Edit: made a superfluous multiplication, answer revised slightly
As user1362215 points out, your function should be contained in the rectangle. You get closer to the solution if you increase n. Here is a vectorised solution. Results are in the range.
# Hit and miss
f <- function(x) x ^ (-0.5)
n <- 1000000
a <- 0.01
b <- 1
#ceiling(max(f((seq(0.01,1,by=0.001)))))
#[1] 10
set.seed(5)
x <- runif(n,a,b)
y <- 10*runif(n,0,1)
R <- sum(y < f(x))/n
(b-a)*10*R
#[1] 1.805701
# Repeat a few times to look at the distribution
set.seed(5)
n <- 100000
r <- replicate(1000,sum(10*runif(n,0,1) < f(runif(n,a,b)))/n *(b-a)*10)
hist(r)
summary(r)
# Min. 1st Qu.
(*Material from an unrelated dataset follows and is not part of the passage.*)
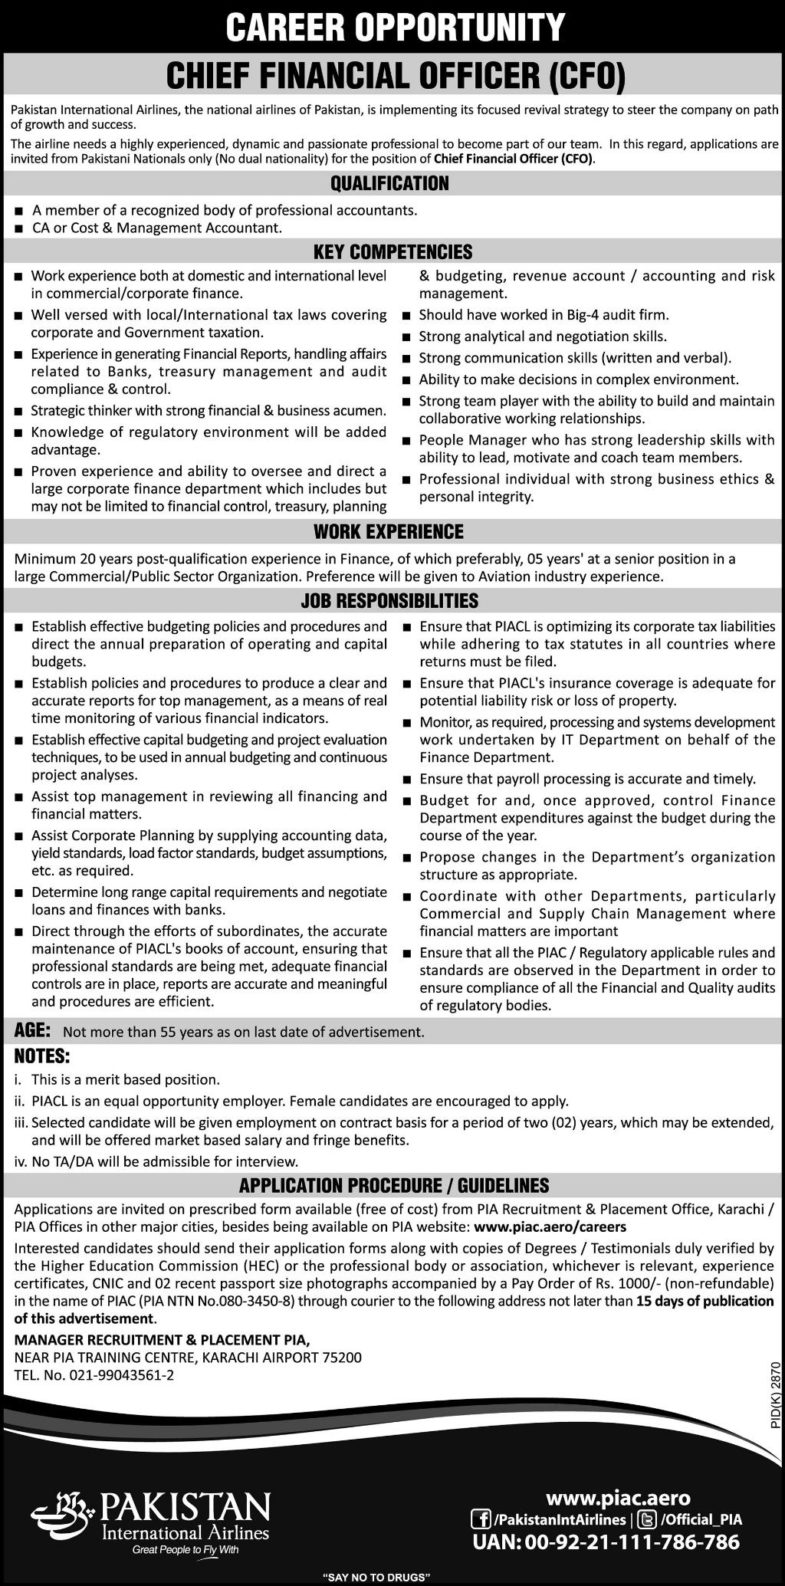 PIA Jobs 2019 for Chief Financial Officer / CFO

Median Mean 3rd Qu. Max.
# 1.755 1.792 1.800 1.800 1.809 1.845
# Sample mean method for comparison
set.seed(5)
r <- replicate(1000, mean(f(runif(n, a,b)))*(b-a))
hist(r)
summary(r)
# Min. 1st Qu. Median Mean 3rd Qu. Max.
# 1.788 1.798 1.800 1.800 1.803 1.813
Re your edit: I am assuming the x*2 + y^2, [-1,1] you are referring to a circle rather than a function f(z). So really to estimate area of unit circle/Pi by simulation.
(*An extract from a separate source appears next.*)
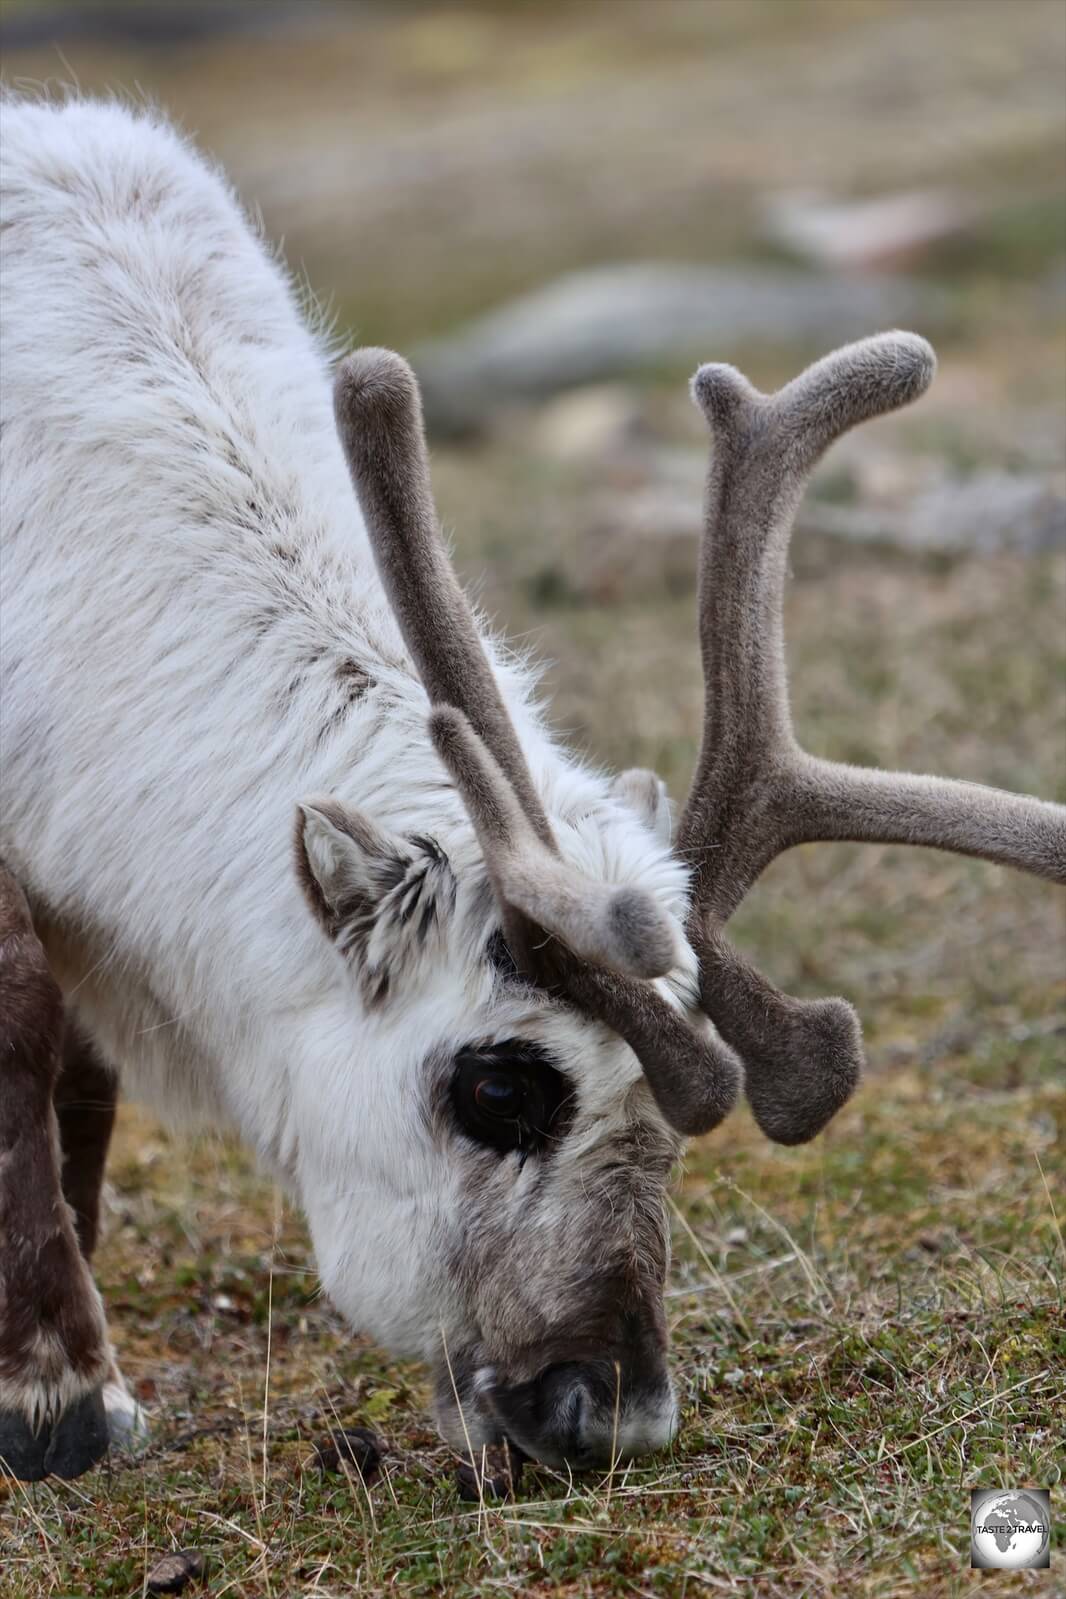 Reindeers use their antlers to scrape away snow and soil to find food, as well as to defend themselves.

f2 <- function(x) sqrt(1-x^2)
s <- seq(-1 , 1 ,by=0.001)
plot(s,f2(s))
# Get the max value of function within the range
c <- ceiling(max(f2(s)))
# [1] 1
n <- 1000000
a <- -1
b <- 1
set.seed(5)
x <- runif(n,a,b)
y <- c*runif(n,0,1)
R <- sum(y < f2(x))/n
(b-a)*c*R
#[1] 1.57063 # multiply it by 2 to get full area
pi/2
#[1] 1.570796
A Monte Carlo alternative to acceptance/rejection is to uniformly generate x values, average the resulting y = f(x) values to estimate the average height, and multiply that by the interval length to get the estimated area. I don't know R well enough, so here it is in Ruby to illustrate the algorithm:
def f(x)
x ** -0.5
end
sum = 0.0
10000.times { sum += f(0.01 + 0.99 * rand) }
print (1.0 - 0.01) * (sum / 10000)
I'm getting results in the range 1.8 +/- 0.02
You can also improve the precision of your estimator by using antithetic random variates - for each x you generate, also use the symmetric x value mirrored about the median of the x's.
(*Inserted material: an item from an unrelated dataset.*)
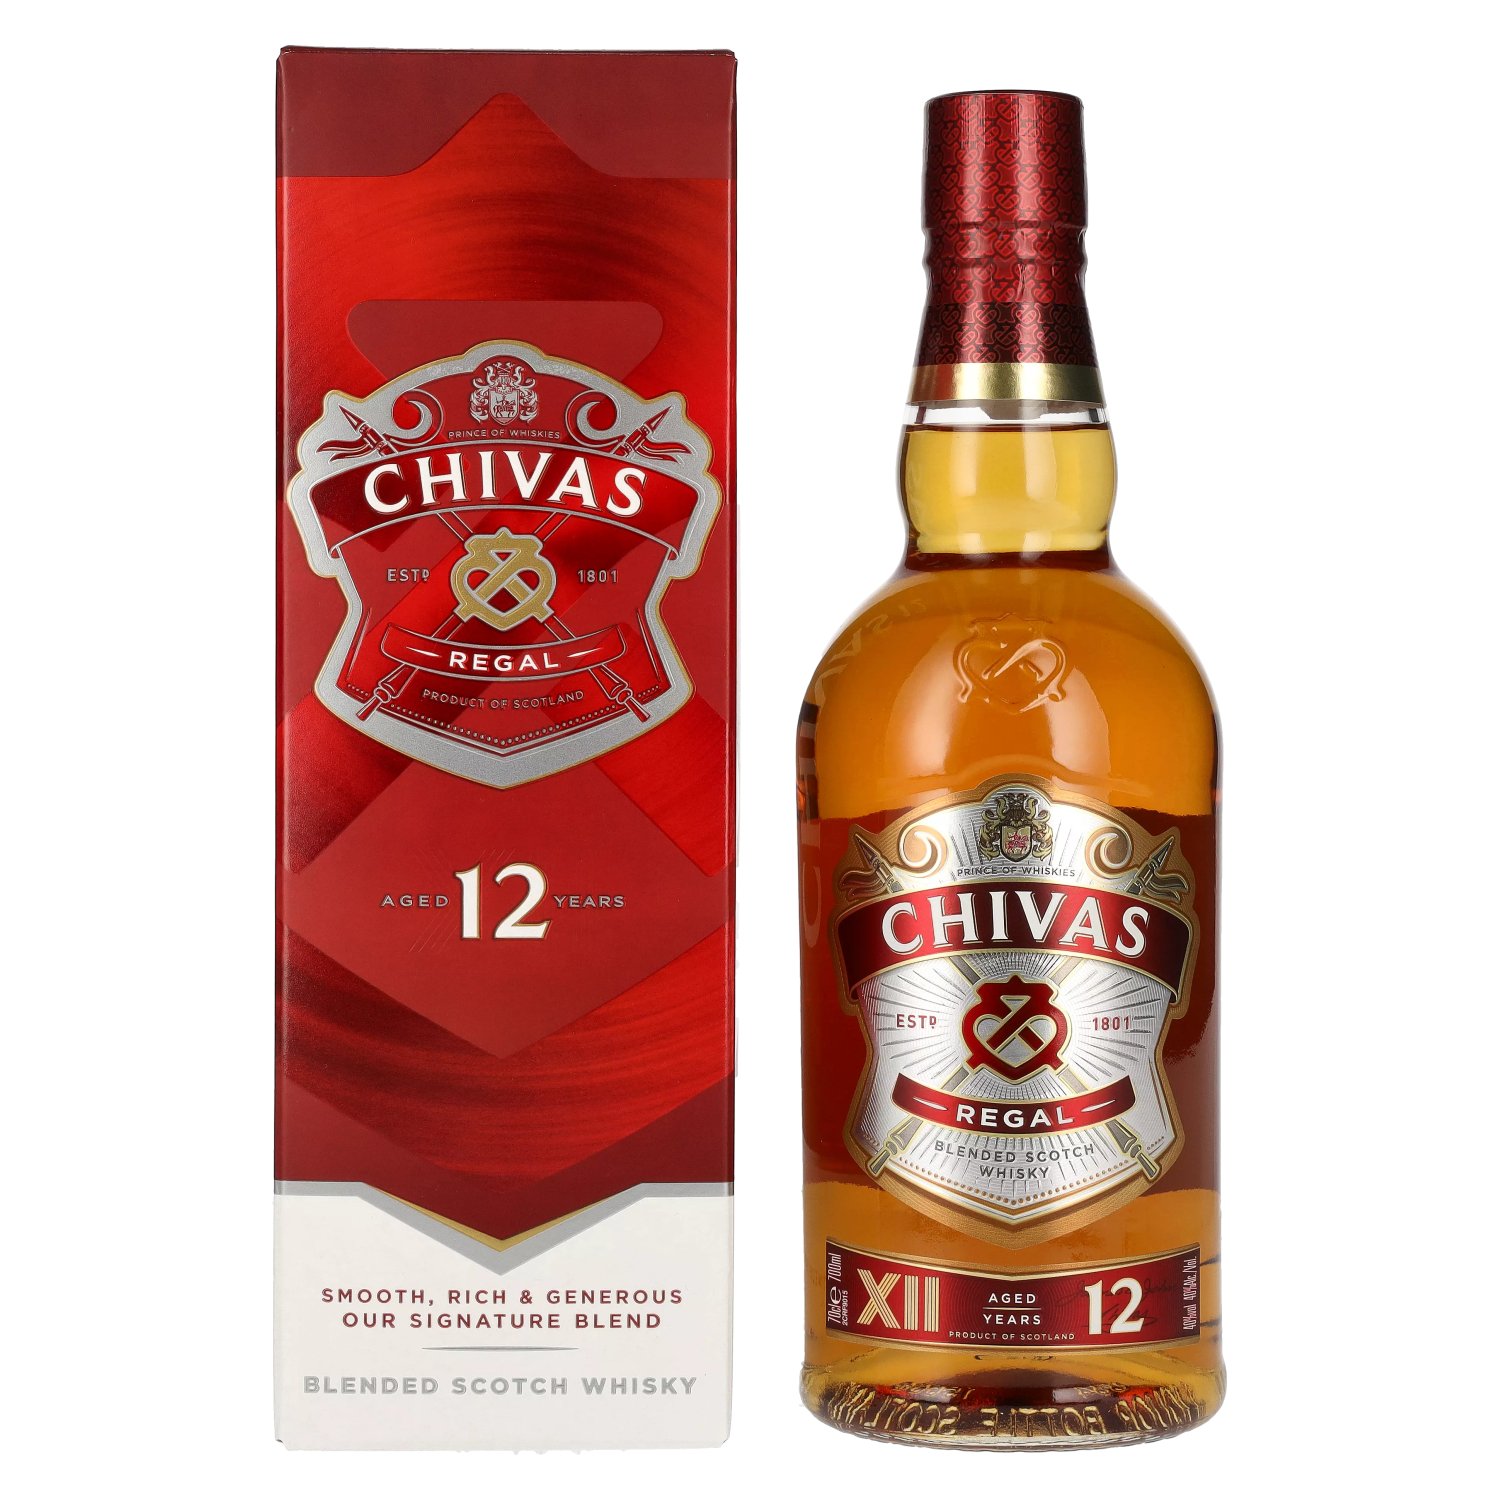 Chivas Regal Old Blended Scotch Whisky 40% 0,7l in Giftbox

Using #user20650's code for guidance for how to do this in R, you can estimate Pi / 2 as follows:
f <- function(x) sqrt(1-x^2)
n <- 100000
a <- -1
b <- 1
range <- b-a
set.seed(5)
r <- replicate(1000, mean(f(runif(n,a,b))) * range)
hist(r)
summary(r)
# Min. 1st Qu. Median Mean 3rd Qu. Max.
# 1.566 1.570 1.571 1.571 1.572 1.575
No bounding function is needed for this approach, and generally it yields greater precision than the acceptance/rejection approach.